Having trouble finding currently maintained taps for S3 CSVs. Anyone have any recommendations for this?

tap-s3-csv

seems to have been sunset. I am trying to setup a pipeline using a CSV, and I am also unsure if any of these taps supports incremental replication.

Edgar Ramírez (Arch.dev)

05/06/2025, 3:34 PM

tap-s3-csv
seems to have been sunset.

Do you mean https://github.com/s7clarke10/pipelinewise-tap-s3-csv? Maybe https://hub.meltano.com/extractors/tap-spreadsheets-anywhere?

Steven Searcy

05/06/2025, 3:39 PM

Yeah the first link is a fork from the sunset pipelinewise tap, and wondering if I should still use it. Will give the second option a go.

👍 1

Steven Searcy

05/06/2025, 9:19 PM

@Edgar Ramírez (Arch.dev) Any ideas on incremental loading using

tap-csv

? As I understand, that's not exactly offered with the tap. Curious if you know any effective workarounds.

Matt Menzenski

05/06/2025, 9:42 PM

Maybe https://hub.meltano.com/extractors/tap-spreadsheets-anywhere?

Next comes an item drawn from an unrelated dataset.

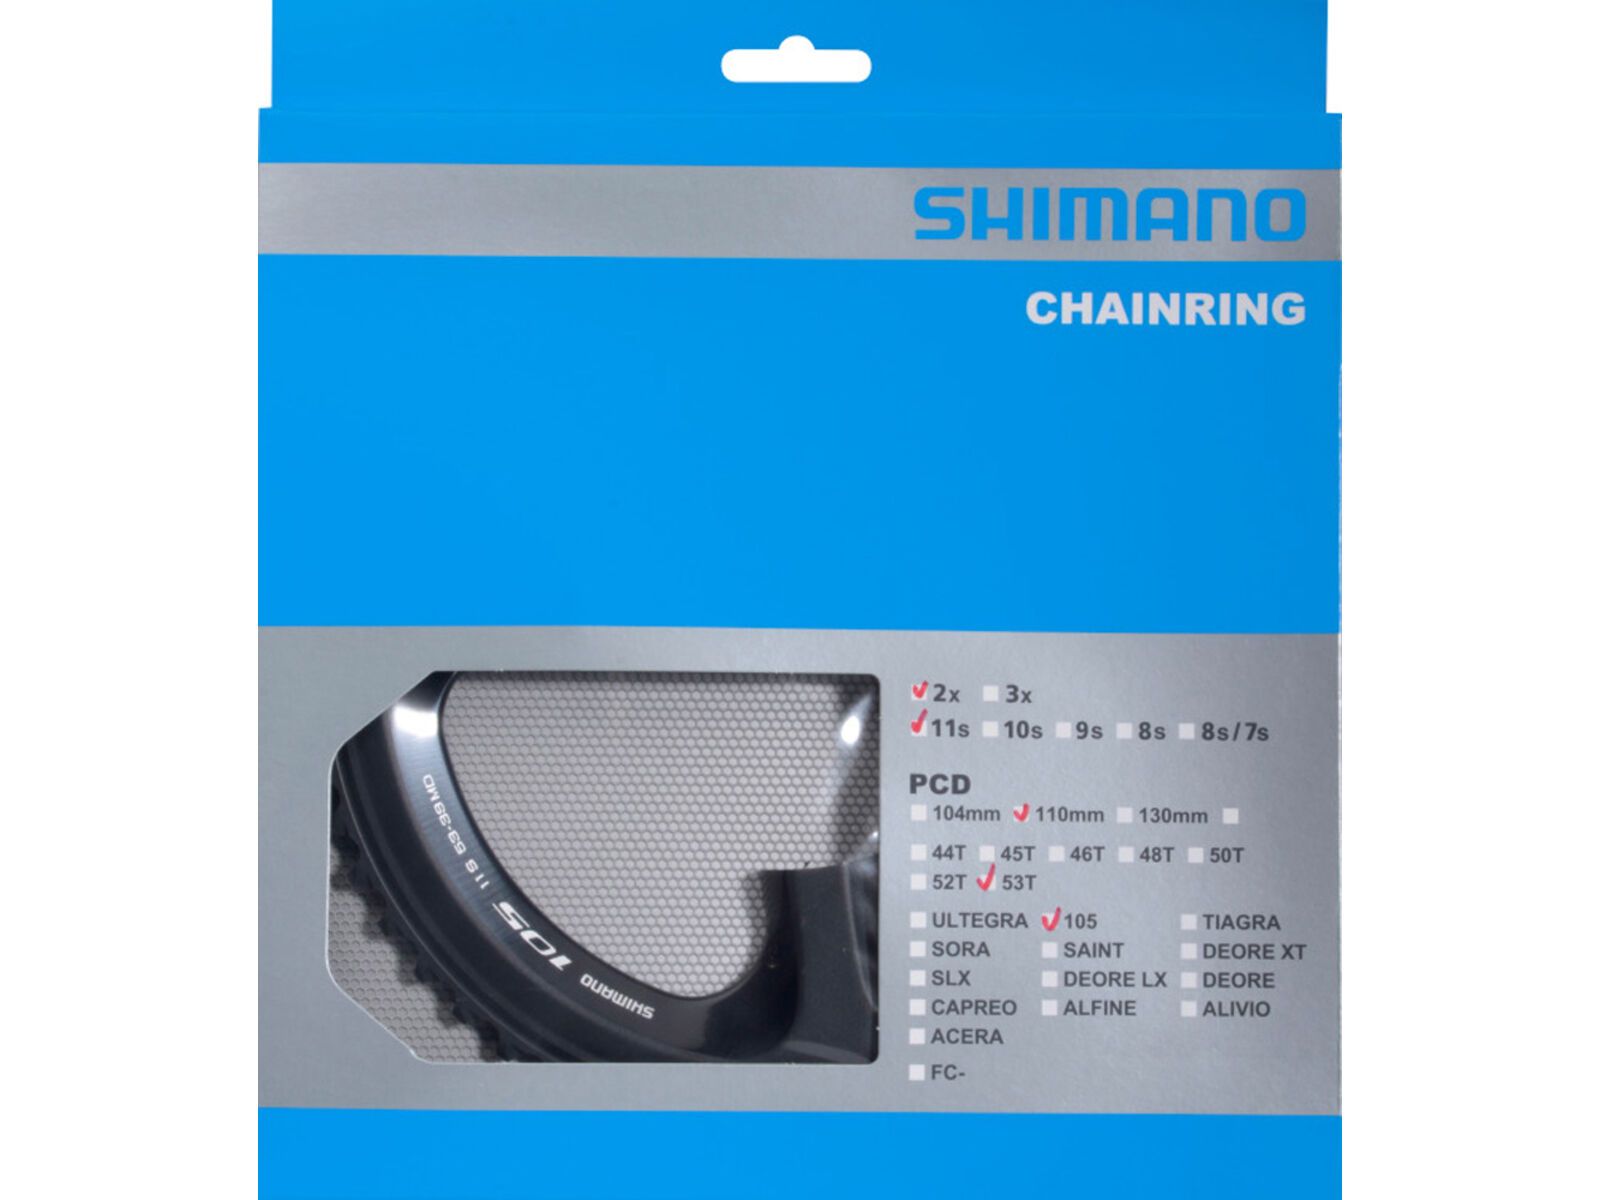 Shimano 105 FC-5800 Kettenblatt - 2x11 / Typ MD, schwarz | Bild 1

We’ve been running tap-spreadsheets-anywhere in production for a couple of years now. I think we have ~70ish taps that use it across all our environments. It worked fine for incremental loading until we started running meltano within Dagster. Then we started having weirdness with meltano state getting lost when a Dagster run is canceled. I still haven’t gotten to the bottom of that - but since our migration to Dagster this tap has effectively run in “full table” mode even though it’s configured to be incremental. Not ideal. (But IMO I think it’s more to do with the dagster-shell / dagster-meltano libraries than the tap itself. I’d still recommend the tap for a non-Dagster context)

ty 1

Steven Searcy

05/06/2025, 9:53 PM

Maybe I am missing something, but I don't see that

tap-spreadsheets-anywhere

supports incremental loading.

Steven Searcy

05/06/2025, 9:55 PM

Specifically referring to metadata. Apologies, I am a few days old to Meltano.

Matt Menzenski

05/06/2025, 9:55 PM

lol, wouldn’t that be funny if _that_’s why I’m having these issues 😂 It wouldn’t surprise me if you were right. This tap is not built on the Meltano SDK which makes the internals hard for me to follow

Matt Menzenski

05/06/2025, 9:56 PM

I have contributed to this tap, I should know if it supports this

Steven Searcy

05/06/2025, 9:58 PM

Yeah, I haven't poked around in the repository, but it's definitely left out of the documentation. I just really don't want to rebuild the table every single time, and would prefer incremental replication.

Matt Menzenski

05/06/2025, 9:59 PM

ok I’m not crazy, lol. I don’t see any support for “incremental” replication mode per se, but the readme does say:

This tap is designed to continually poll a configured directory for any unprocessed files that match a table configuration and to process any that are found. On the first syncing run, the declared start_date will be used to filter the set of files that match the search_prefix and pattern expressions. The last modified date of the most recently synced file will then be written to state and used in place of start_date on the next syncing run.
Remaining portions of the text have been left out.